◆ **WHAT THE EXERCISE ASKS**
Would you please retype, exactly, the lines of the listing below between the line with "Allianz Versicherung Daniel" and the line with "Handmade Deko Keramik", inclusive?

==== SUPPLIED DATA ====

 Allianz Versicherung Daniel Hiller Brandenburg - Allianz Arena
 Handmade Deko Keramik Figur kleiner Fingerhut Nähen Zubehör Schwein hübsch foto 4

====
==== SUPPLIED DATA ====

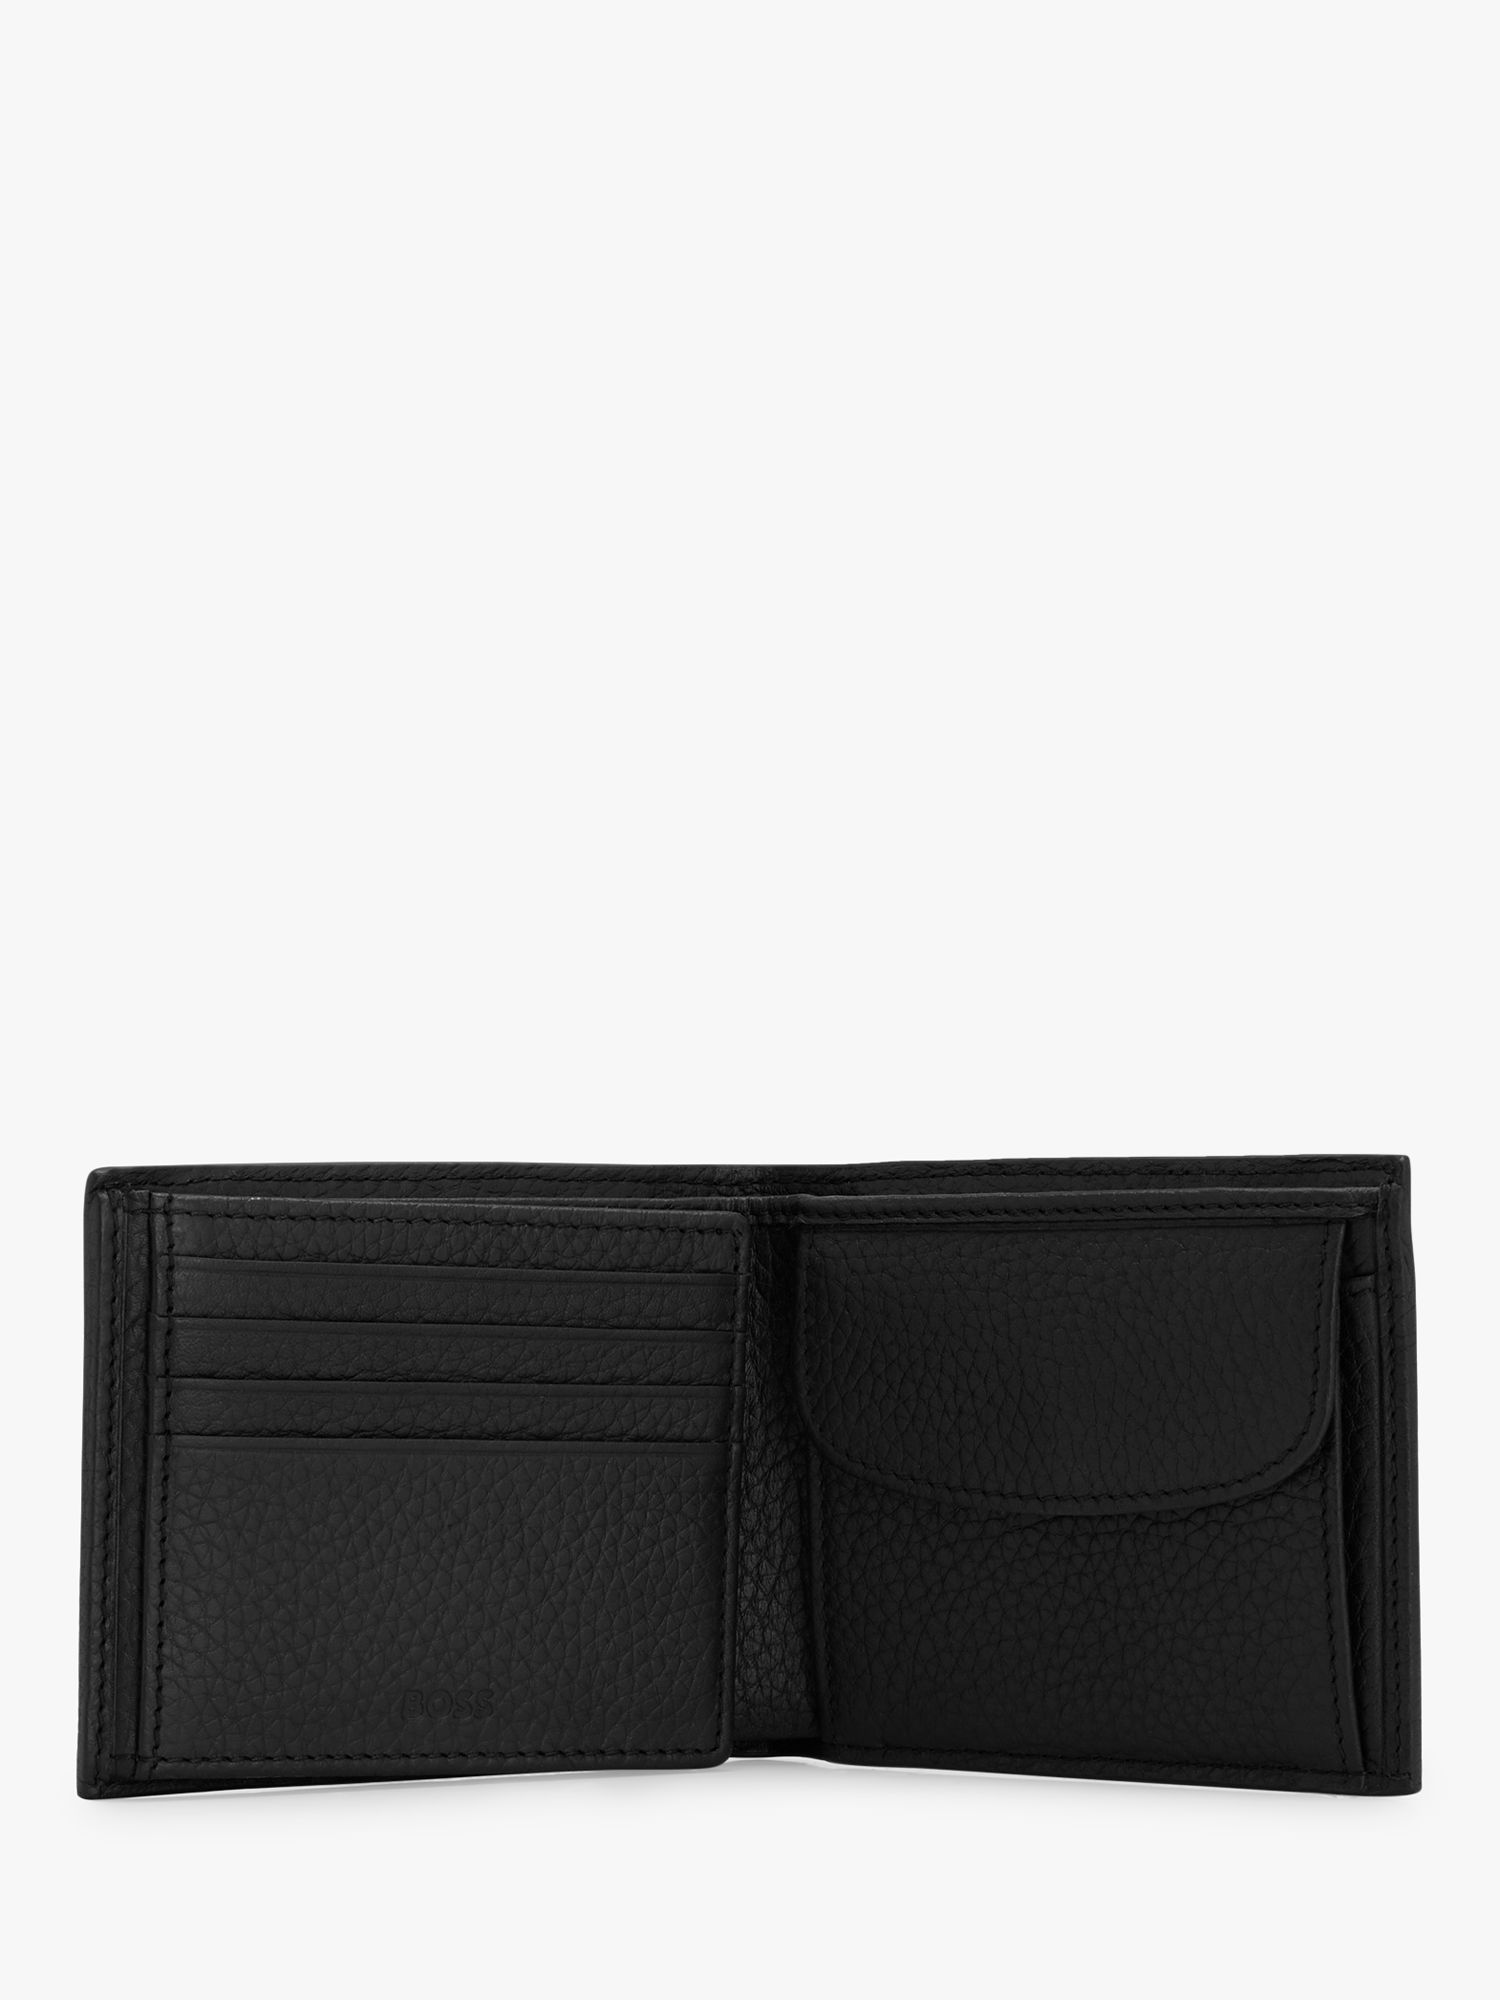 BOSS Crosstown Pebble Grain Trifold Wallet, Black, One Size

====

◆ **RESPONSE TO THIS TASK**
 Allianz Versicherung Daniel Hiller Brandenburg - Allianz Arena
 Handmade Deko Keramik Figur kleiner Fingerhut Nähen Zubehör Schwein hübsch foto 4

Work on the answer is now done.